In 2005, Calvi moved to South Carolina, where he most notably helped lead the Gamecocks to the 2010 National Championship. In that same season, he earned the Collegiate Baseball Pitching Coach of the Year Award. In 2010, Calvi's Gamecock pitching staff led USC to the national championship, ranking in the top 10 in earned run average (seventh, 3.45), strikeouts (sixth, 8.9) and hits allowed per nine innings (third, 7.48), after posting a 2.15 ERA in seven College World Series contests, which was nearly a point lower than the next best team in Omaha.
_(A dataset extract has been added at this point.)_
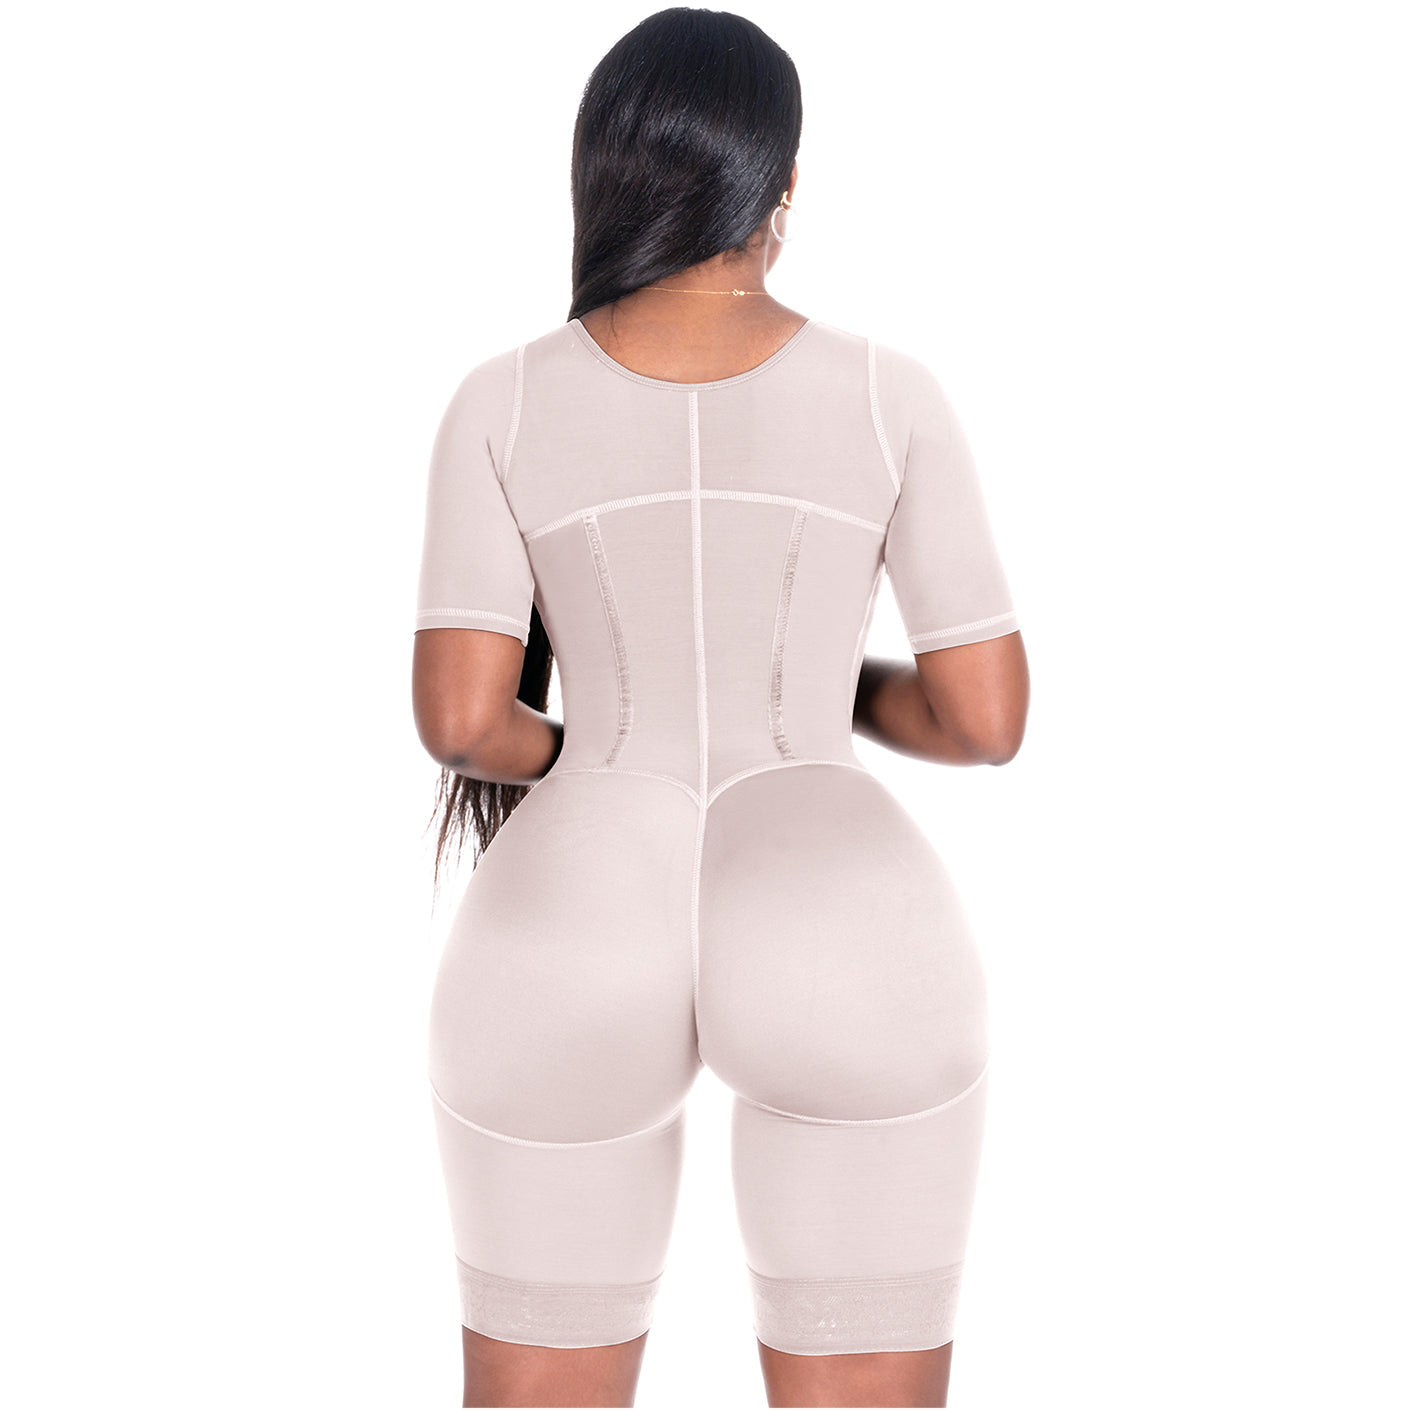 Bling Shapers 938BF Compression Garment With Sleeves and Built-in Bra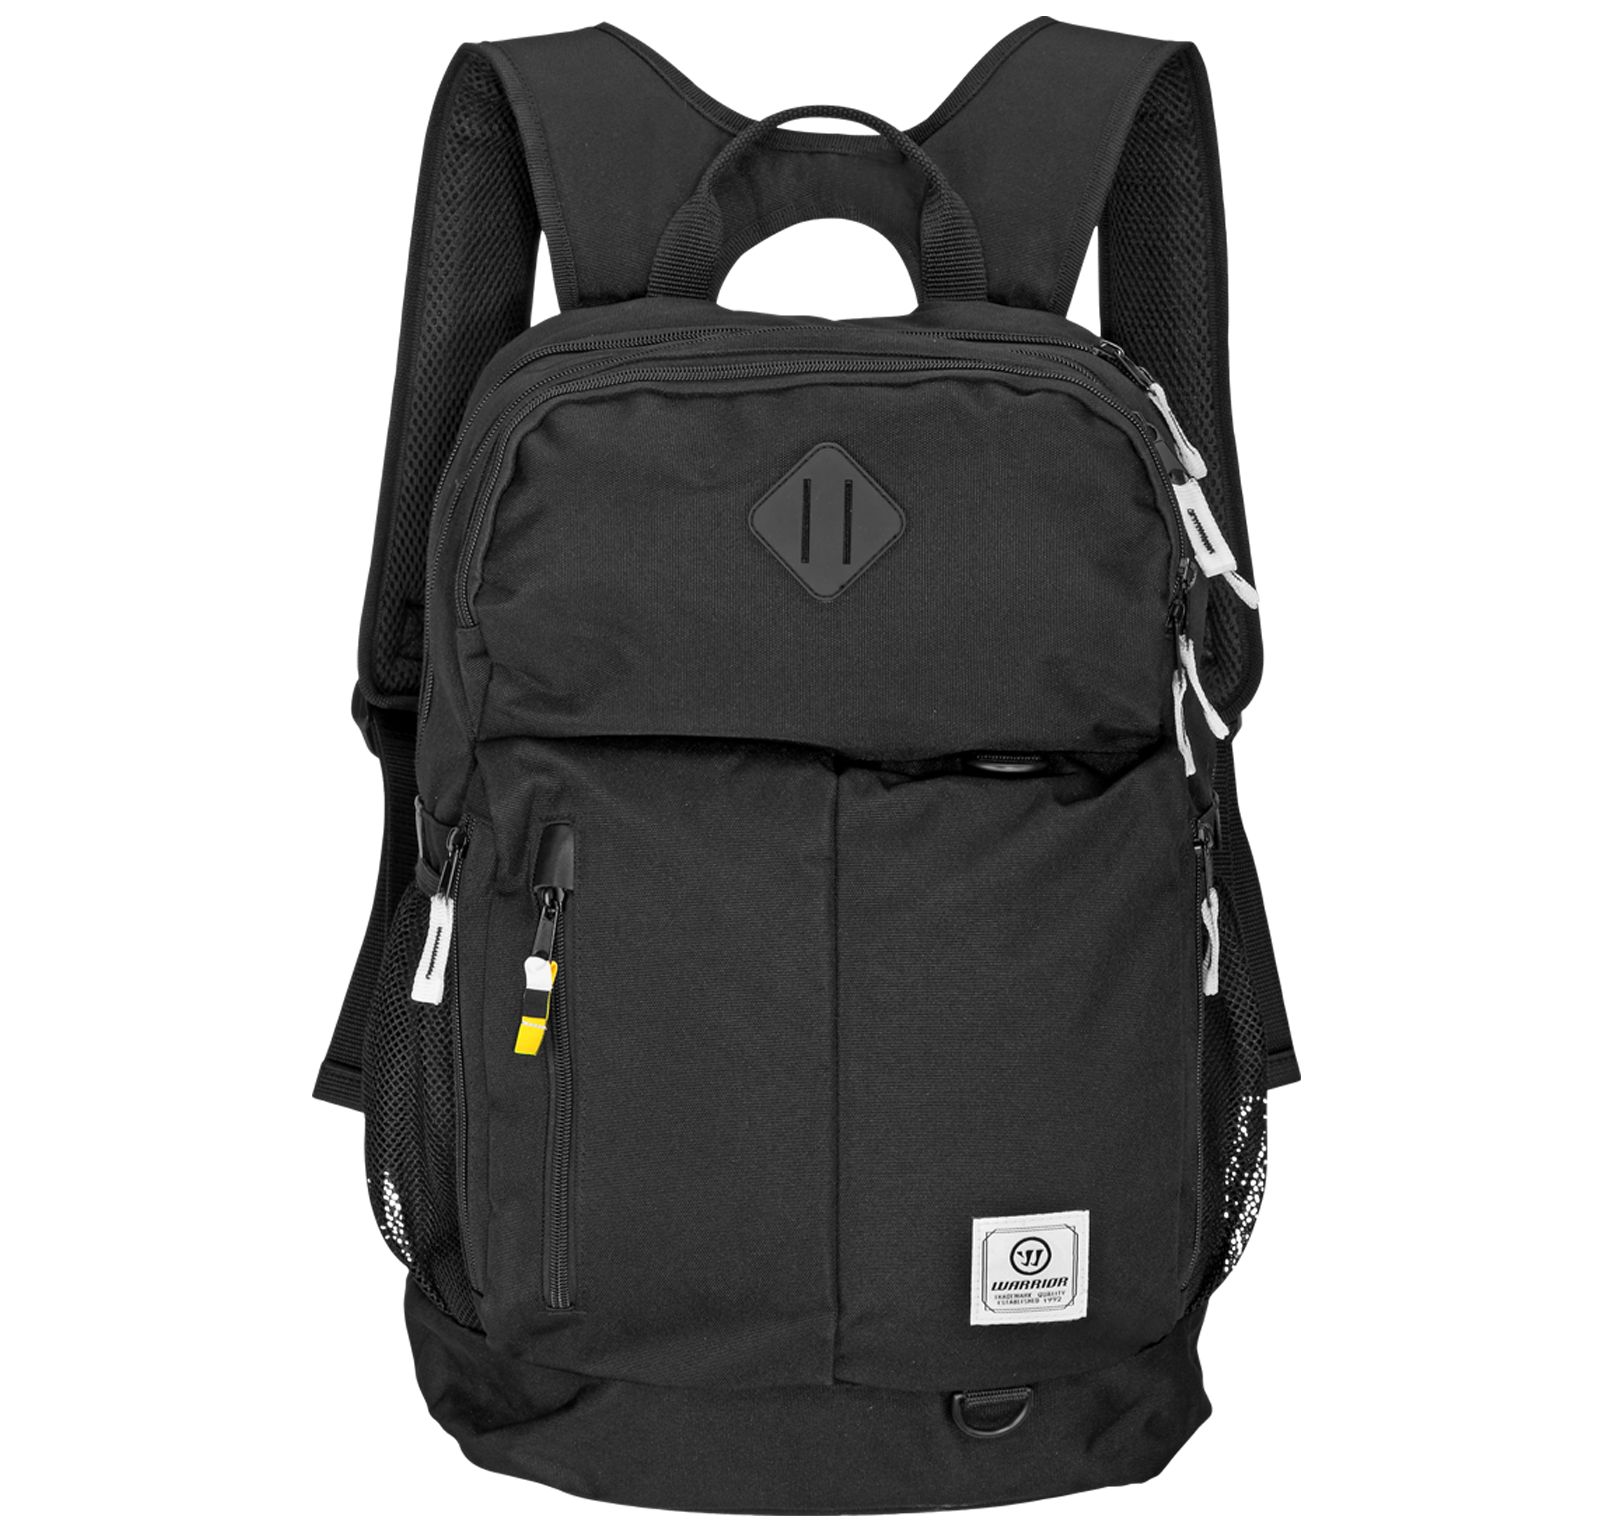 Q10 Day Backpack, Black with Grey image number 0

The Gamecocks led the Southeastern Conference in ERA and innings pitched, but also allowed the fewest hits in the conference. Calvi's staffs again ranked among the nation's best during his time in Columbia, finishing among the top teams in ERA, strikeouts, innings pitched, hits allowed, and many other statistical categories.

In his career, which spans 21 years at the collegiate level, including an 11-season stint at fellow Sun Belt Conference member Florida International, Calvi has recruited and worked with over 40 pitchers who have either been drafted or signed with Major League Baseball teams – that includes seven who have reached the majors – along with position players Jackie Bradley Jr. and Christian Walker.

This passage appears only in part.